In agreement with observations , the simulated L _ { X } - \sigma and L _ { X } - T _ { X } relations are steeper than those predicted by adiabatic simulations or self-similar models , with L _ { X } \propto \sigma ^ { 4.4 } and L _ { X } \propto T _ { X } ^ { 2.6 } for massive groups and significantly steeper relations below a break at \sigma \approx 180 km/s ( T _ { X } \approx 0.7 keV ) .
The T _ { X } - \sigma relation is fairly close to the self-similar scaling relation , with T _ { X } \propto \sigma ^ { 1.75 } , provided that the velocity dispersion is estimated from the dark matter or from \gtrsim 10 galaxies .
The entropy of hot gas in low mass groups is higher than predicted by self-similar scaling or adiabatic simulations , and it agrees with observational data that suggest an “ entropy floor. ” The steeper scalings of the luminosity relations are driven by radiative cooling , which reduces the hot ( X-ray emitting ) gas fraction from 50 % of the total baryons at \sigma \approx 500 km/s to 20 % at \sigma \approx 100 km/s .
A secondary effect is that hot gas in smaller systems is less clumpy , further driving down L _ { X } .

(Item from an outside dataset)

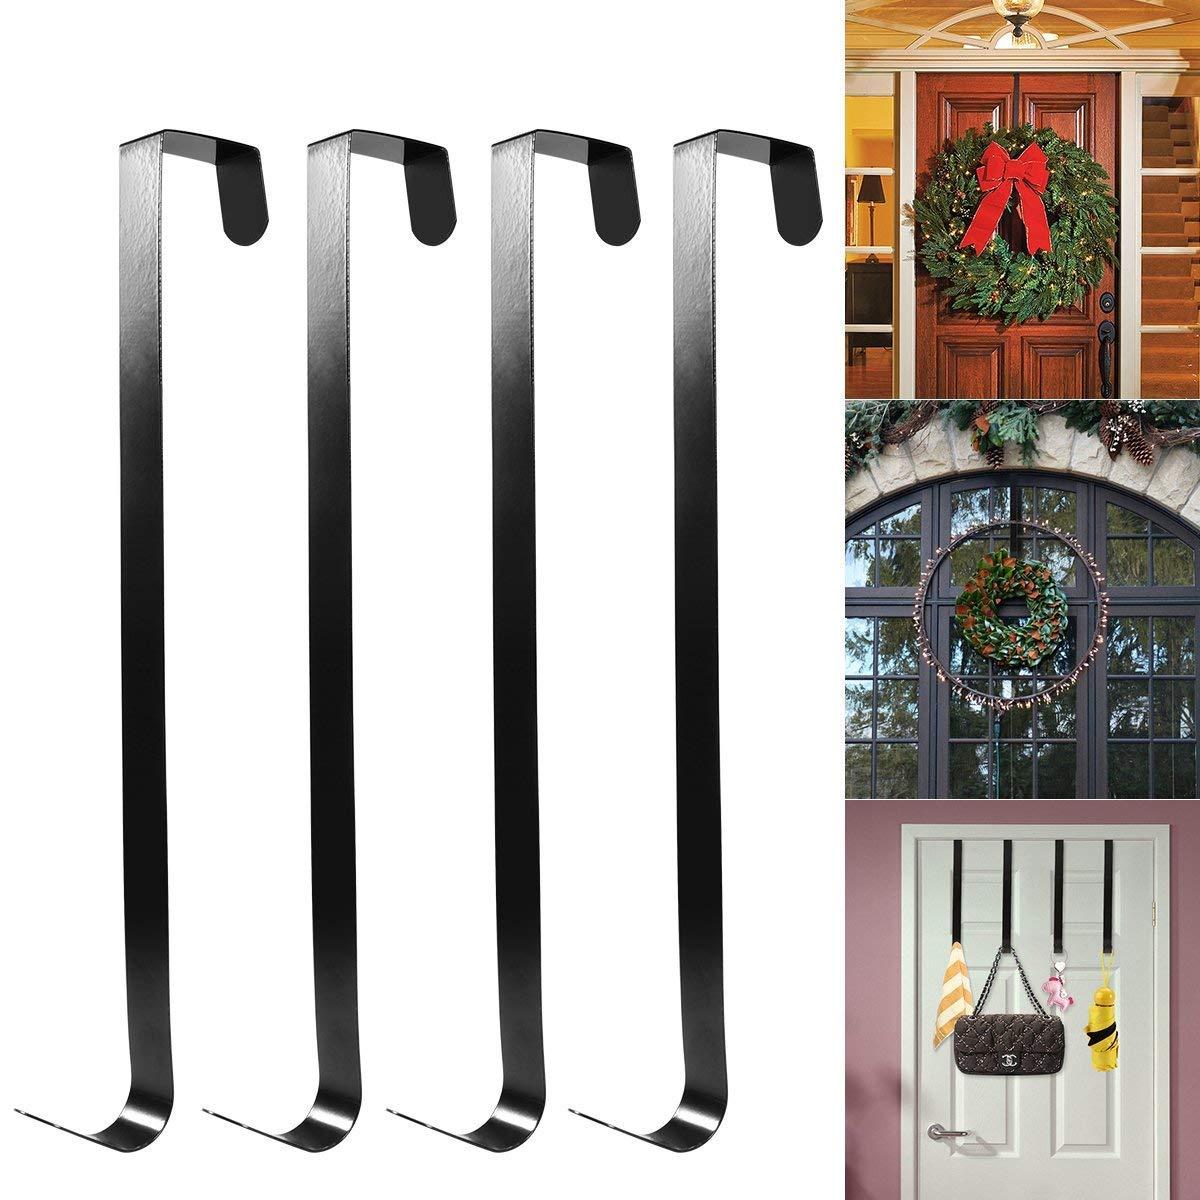 HOMEMAXS All Purpose Metal Wreath Hanger Over The Door Wreath Holder 12inch 4 Packs Black Large

A smaller volume simulation with eight times higher mass resolution predicts nearly identical X-ray luminosities at a given group mass , demonstrating the insensitivity of the predicted scaling relations to numerical resolution .

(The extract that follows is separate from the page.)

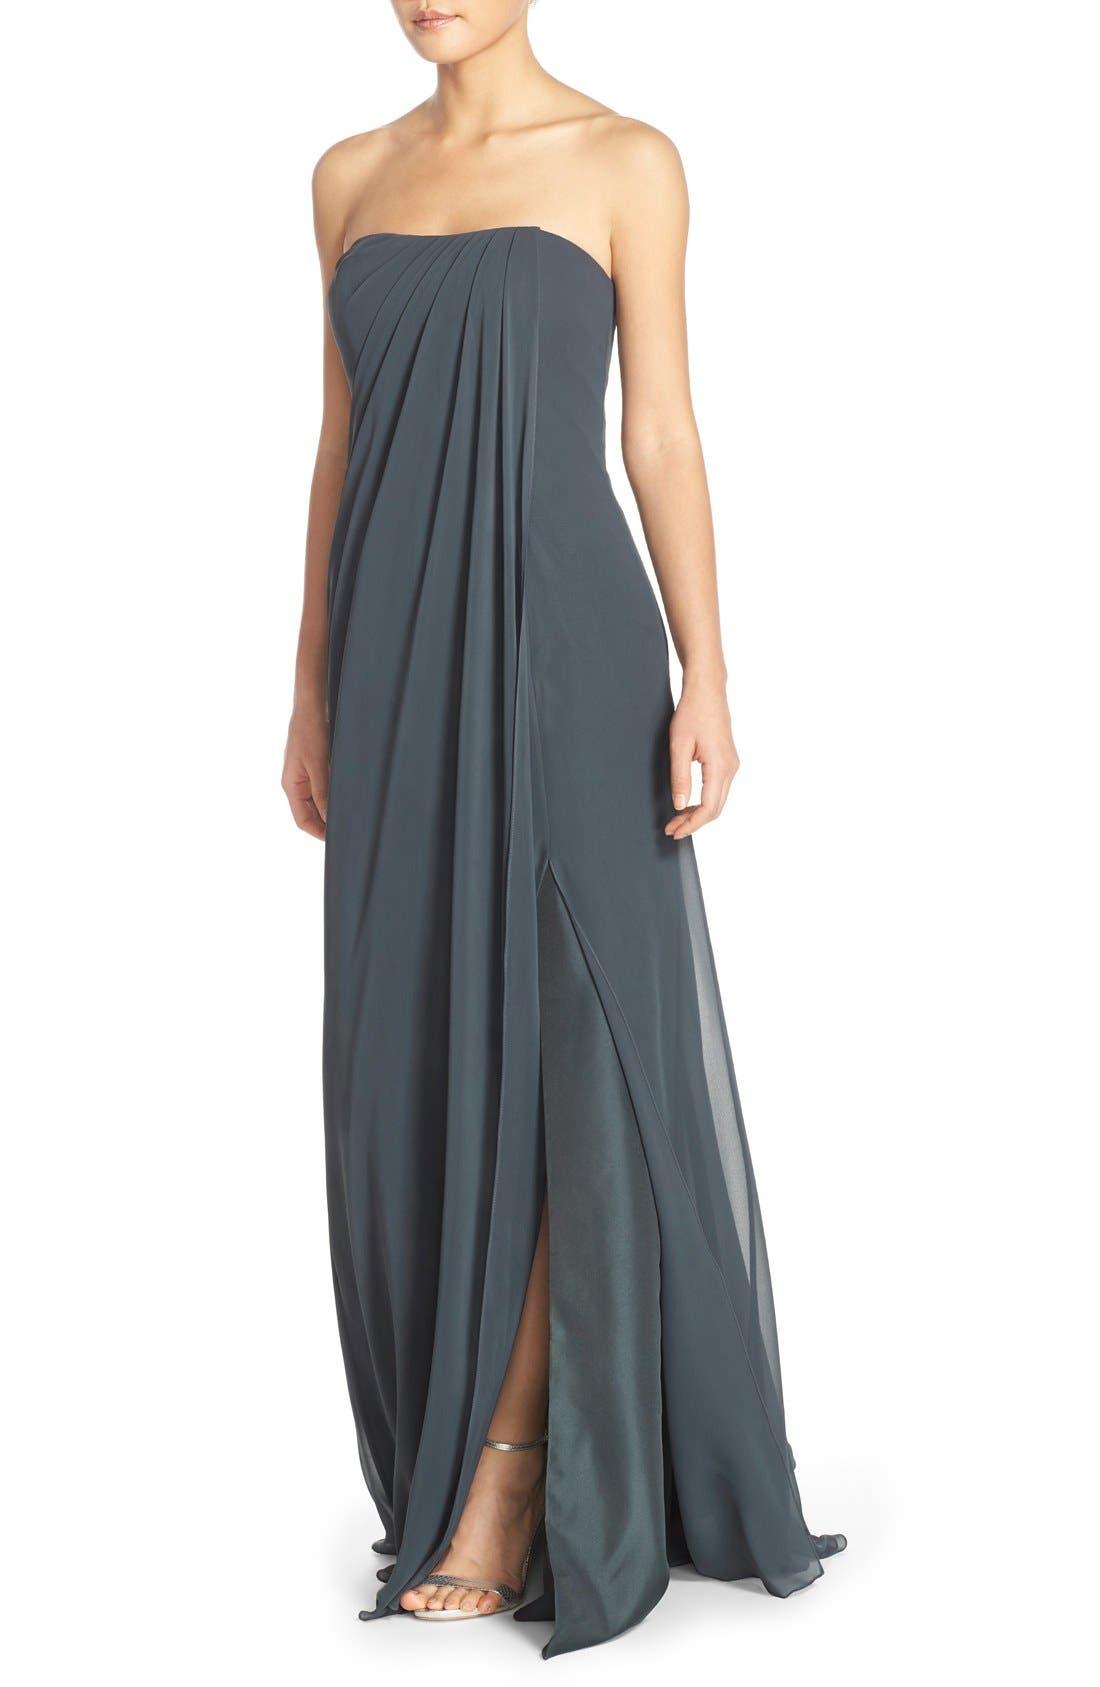 Raquel Front Slit Strapless Chiffon Gown,                             Alternate thumbnail 4, color,                             026

The higher resolution simulation predicts higher hot gas fractions at a given group mass , and these predicted fractions are in excellent agreement with available observations .

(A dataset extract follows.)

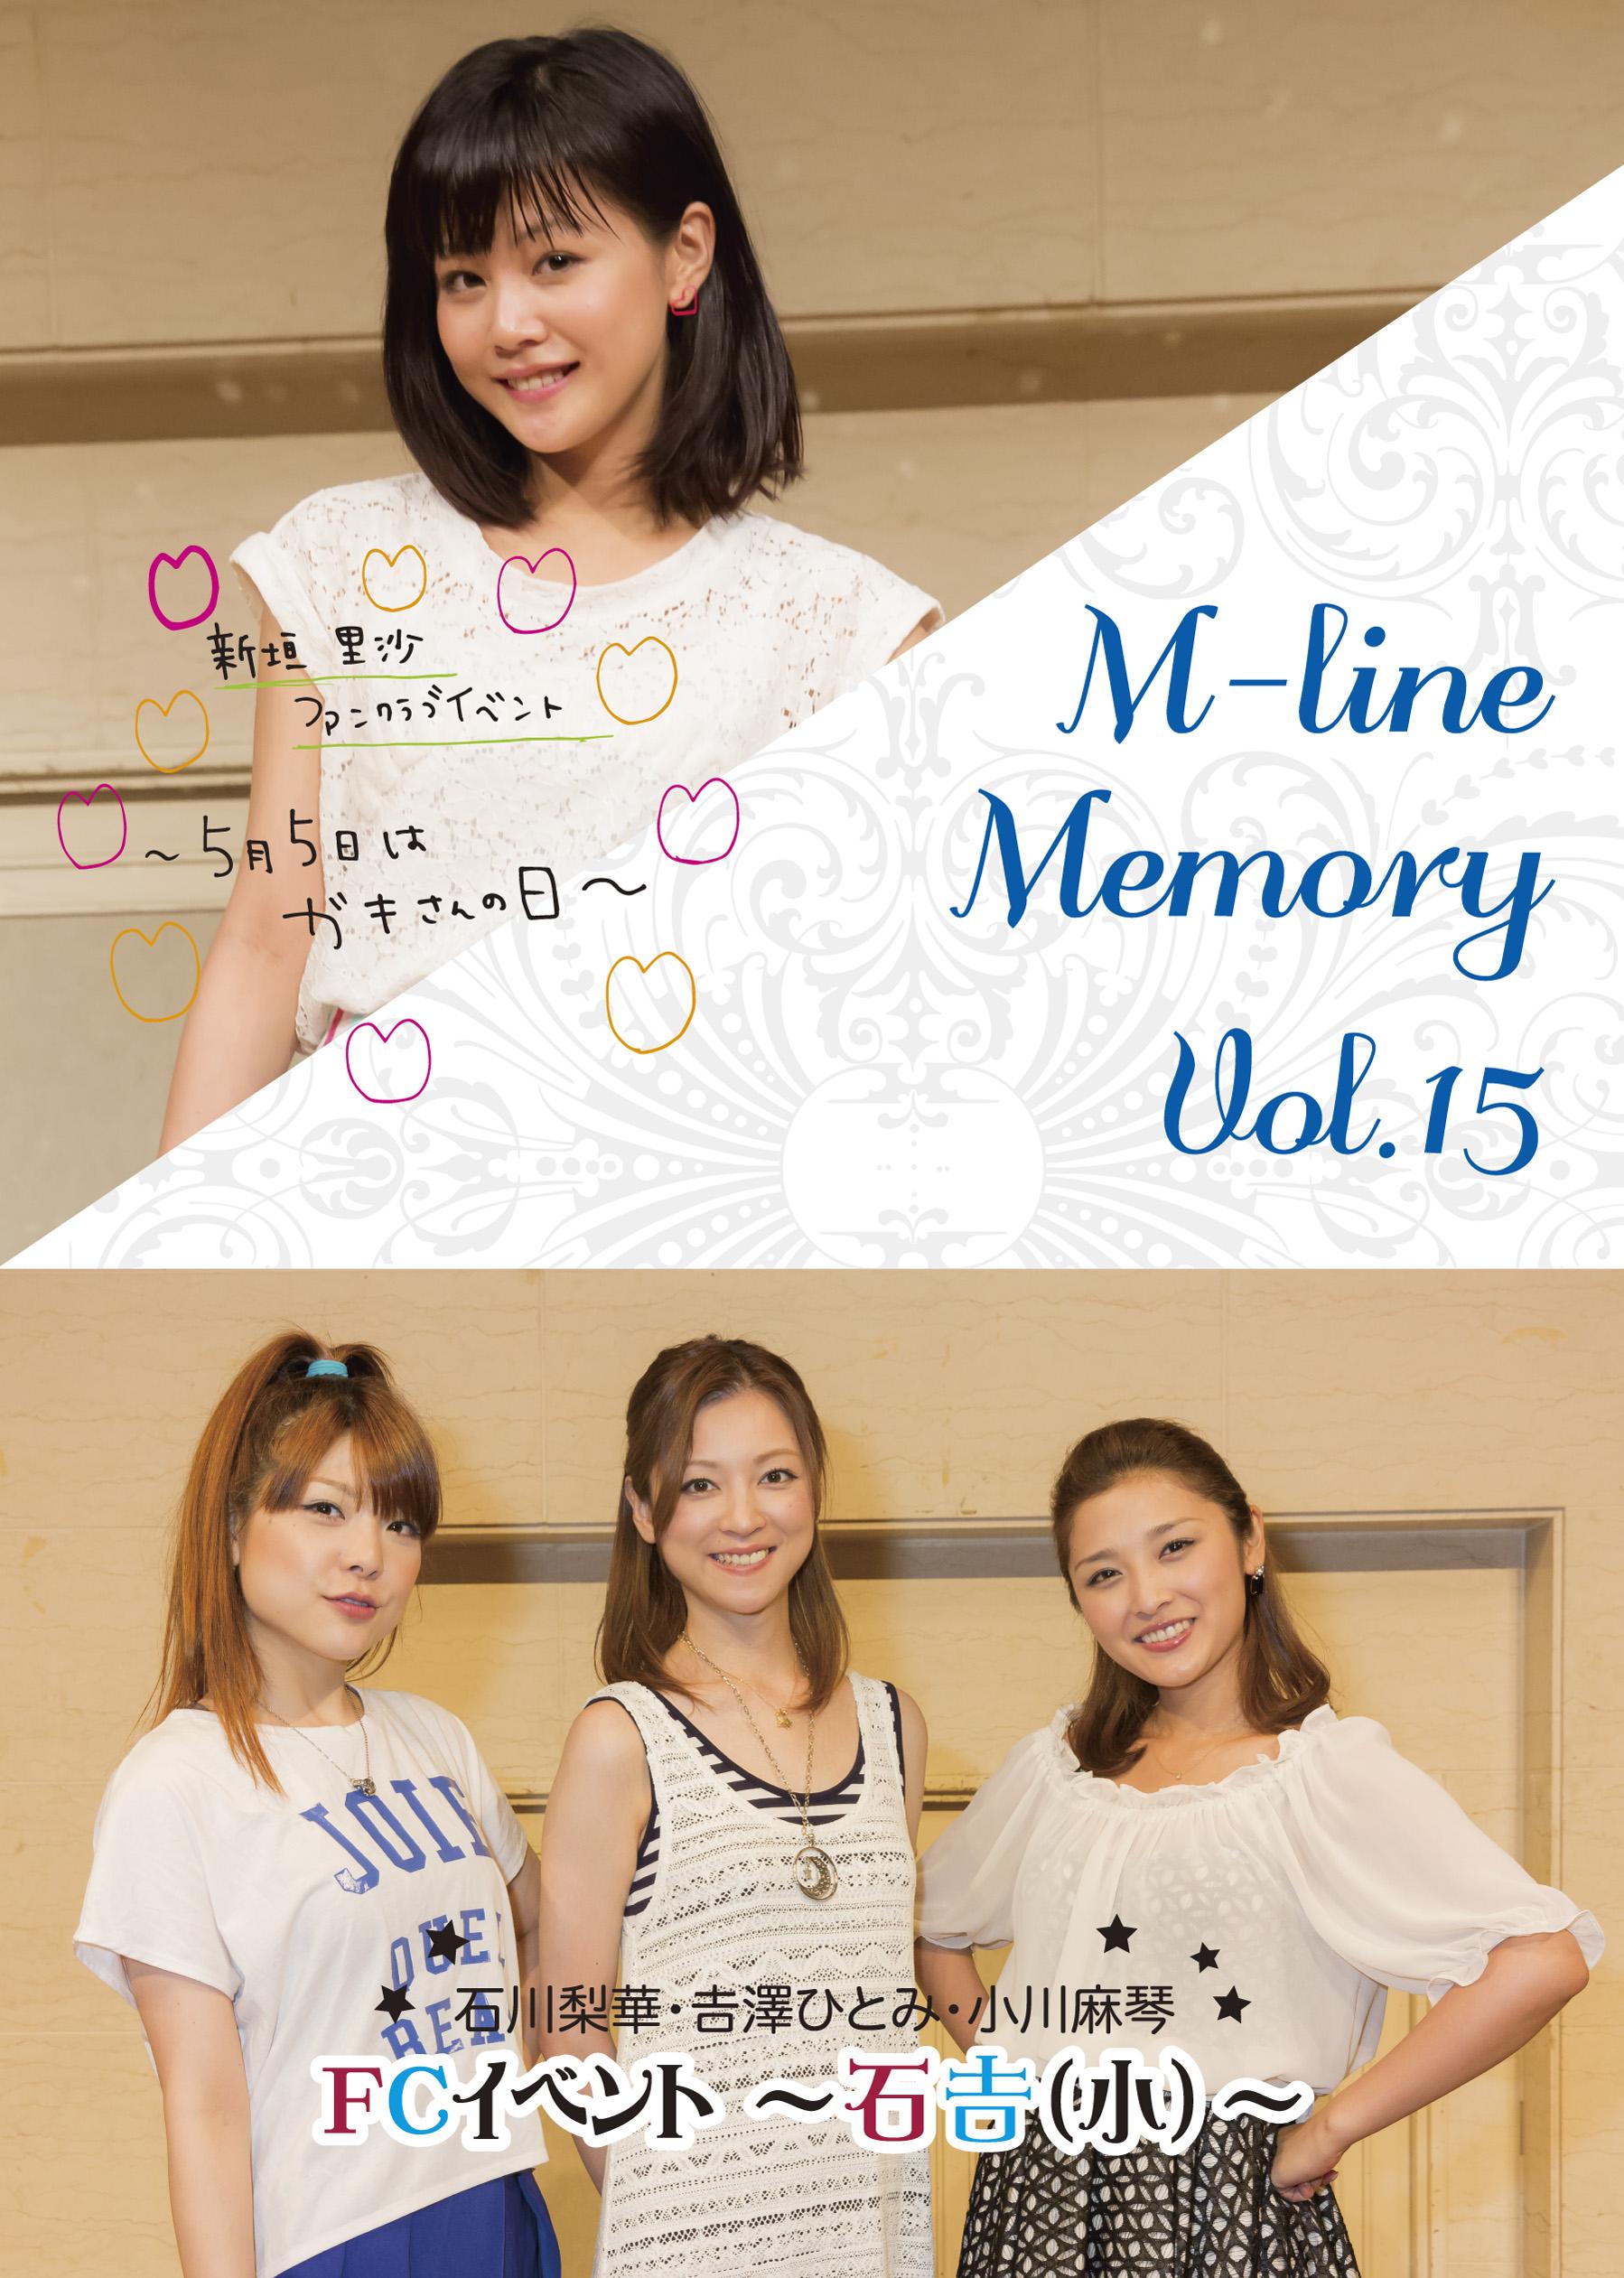 M-line Memory Vol.15

There remain some quantitative discrepancies : the predicted mass scale of the L _ { X } - T _ { X } and L _ { X } - \sigma breaks is somewhat too low , and the luminosity-weighted temperatures are too high at a given \sigma , probably because our simulated temperature profiles are flat or rising towards small radii while observed profiles decline at r \lesssim 0.2 R _ { vir } .
We conclude that radiative cooling has an important quantitative impact on group X-ray properties and can account for many of the observed trends that have been interpreted as evidence for non-gravitational heating .
Improved simulations and observations are needed to understand the remaining discrepancies and to decide the relative importance of cooling and non-gravitational heating in determining X-ray scalings .